First, let me hearken back to the sixties to say that yesterday’s 49 Writers poetry discussion was a mind-blowing experience. So many poets, so many great thoughts. I expect to return often to the archived discussion. Many thanks to all who participated.
One of the topics batted about in the poetry discussion was voice, the topic of our upcoming 49 Writers Workshop. I promise, really promise, to get to a full blog post on the workshop next week. In the meantime, to address questions that have come our way recently – yes, we still have a few slots open in the workshop, which begins January 30. Follow the link to the registration form, or email me at debv@gci.net for a form-fill copy.
Speaking of workshops, thanks to all who took time to vote in our online poll of workshop topics. Top vote-getters include Revision Bootcamp, Great Beginnings: The First Five Pages, and Jumpstart Your Writing. With fiscal sponsorship from Alaska Center for the Book, we’re pursuing funding to offer one of these workshops this spring. We’ll keep you posted.
With a fond – but not permanent – farewell to our online poetry discussion, we’re also looking ahead to our next 49 Writers online book club selection. Next week I’ll open a post for nominations of the next book to be read, so be thinking of books you’d like to put up for consideration.
Peter Porco’s first full-length play, Wind Blown and Dripping, opens tonight and runs through January 24 at Cyrano’s Off-Center Playhouse in downtown Anchorage. The play is set in a newsroom in the Aleutians (Adak Island) where famous detective-story novelist Dashiell Hammett (The Maltese Falcon) lived for a time while he ran a military newspaper during World War II. Porco, who received his MFA from UAA in literary nonfiction in 1992, worked as a writer and editor at the Anchorage Daily News before taking up drama. He also teaches slam poetry at UAA and is founder of the Alaska Poetry League.

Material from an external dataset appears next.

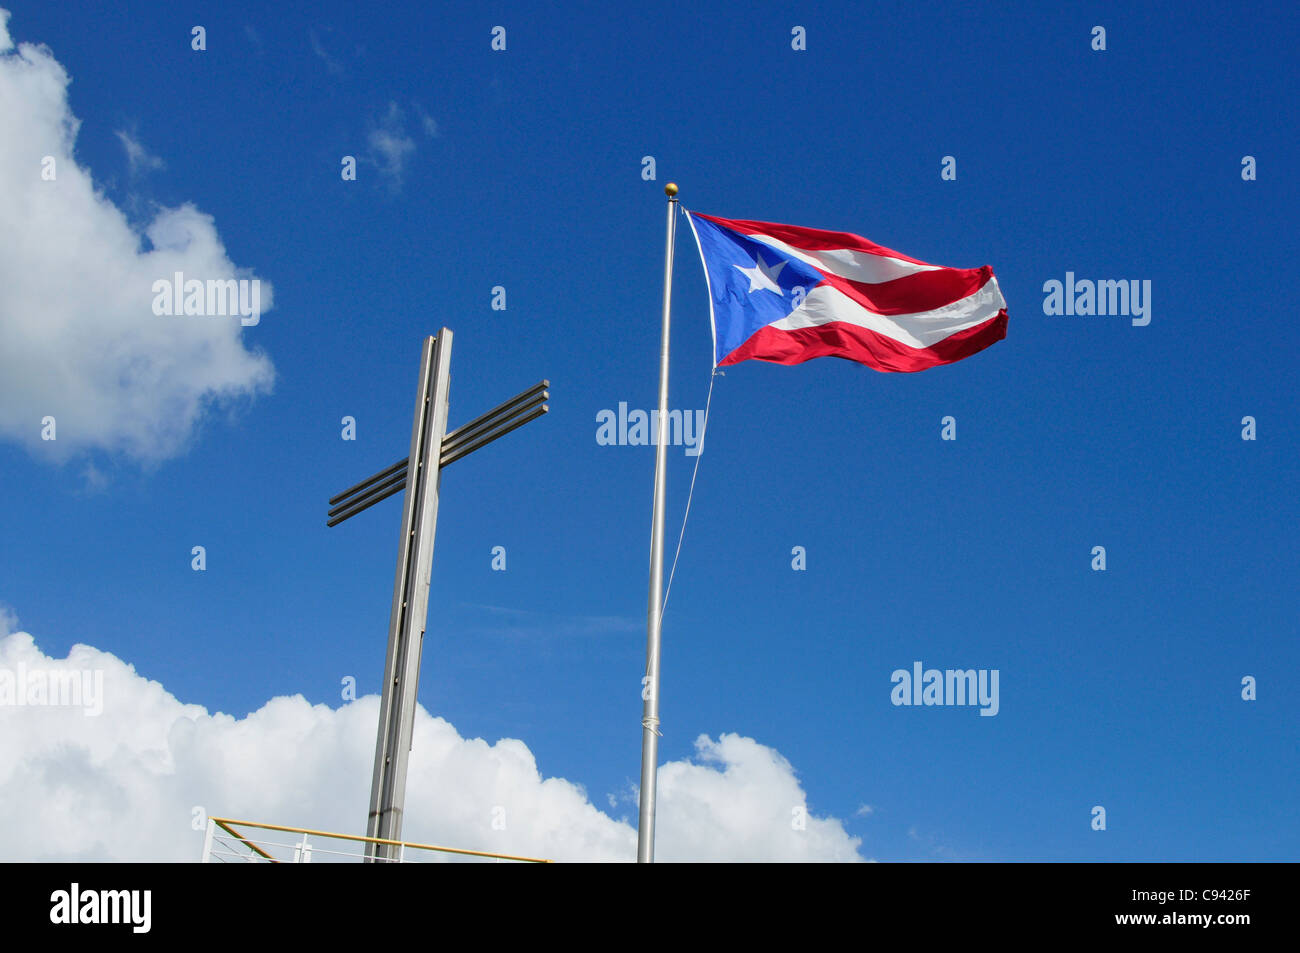 Picture shows a flag of Puerto Rico fluttering in the sun and a cross side by side symbolizing the Catholic faith of the people. Stock Photo

New from the University of Alaska Press is Apun: The Arctic Snow, by Matthew Sturm, introducing children to the science of snow as well as the acquired knowledge of the Iñpuiaq Eskimos who call the Arctic home. Also available is a teacher’s guide explaining the drawings in detail, amplifying key points and adding background material. Dr. Sturm has researched snow in Alaska and northern Canada for 25 years and has travelled long distances across the Arctic by snowmachine.
Anchorage nature writer and author Bill Sherwonit will teach a 12-week nature writing class beginning Jan. 21, in the Sierra Club office downtown. Participants in this workshop-style class will explore and refine their own writing styles, with an emphasis on the personal essay form. The class will also read and discuss works by some of America’s finest nature writers, past and present. The cost is $200. To sign up for this Thursday night class (7 to 9:30 p.m.), or for more information, contact Sherwonit at 245-0283 or akgriz@hotmail.com.
Upcoming meetings of interest to Anchorage-area writers include the Alaska Writers Guild on Tuesday, January 19, 7 p.m. at Barnes and Noble, featuring author Larry Kaniut, and Alaska Sisters in Crime on Wednesday, January 20, 6:30 p.m. at the Elim Cafe. Note also the February 4 deadline for the Alaska Press Communicators State Communications Contest.
Finally, on a personal note, I’ll get the rare writer’s privilege of meeting the illustrator of one of my kids’ books next week. Erik Brooks, who captured the vibrance of my Totem Tale animals so well that I suspect he can mind-tap, will be presenting at several Anchorage schools next week. Lucky students at O’Malley, Lake Hood, Spring Hill, Taku, Chugiak, and Alpenglow – enjoy!
Regarding the Apun: Arctic Snow book you told us about — I've always heard about the # of words Eskimos supposedly use for snow. (This book seems to cover 25, but don't some people claim there are many, many more?). I'd heard there was a mythic element to that claim, or at least some kind of cultural/scientific misunderstanding, and I've always been curious. Would like to think this book sets the record straight, but too bad amazon doesn't even have a cover image available! Anyway, thanks for keeping us informed.
Good questions on Apun. I've noticed the lag time for Amazon photos for other U of A Press books – another one of those details for authors to check (note to myself, with a U of A Press book coming out next year).
Hi Deb and Andromeda,
It all depends on your definition of "word." Inupiaq Eskimo is an accumulative language, which means that a noun or verb stem can be further modified (to gain more specific meanings) by various suffixes, prefixes, prepositions, etc. The "thousand" Eskimo words for snow are thus better understood as phrases, like the English "rotten snow on river ice."
We get so hung up on these things, but as a matter of fact, each culture pays particular linguistic attention to the things / ideas it considers important. In our culture it's car and other brands, in another it might be caribou — or snow.
The lag time for Amazon photos of U of A Press titles has to do with the fact that the U of Chicago Press does their promotion and distribution in the Lower Forty-Eight, which introduces an additional delay in the publisher-to-reader chain.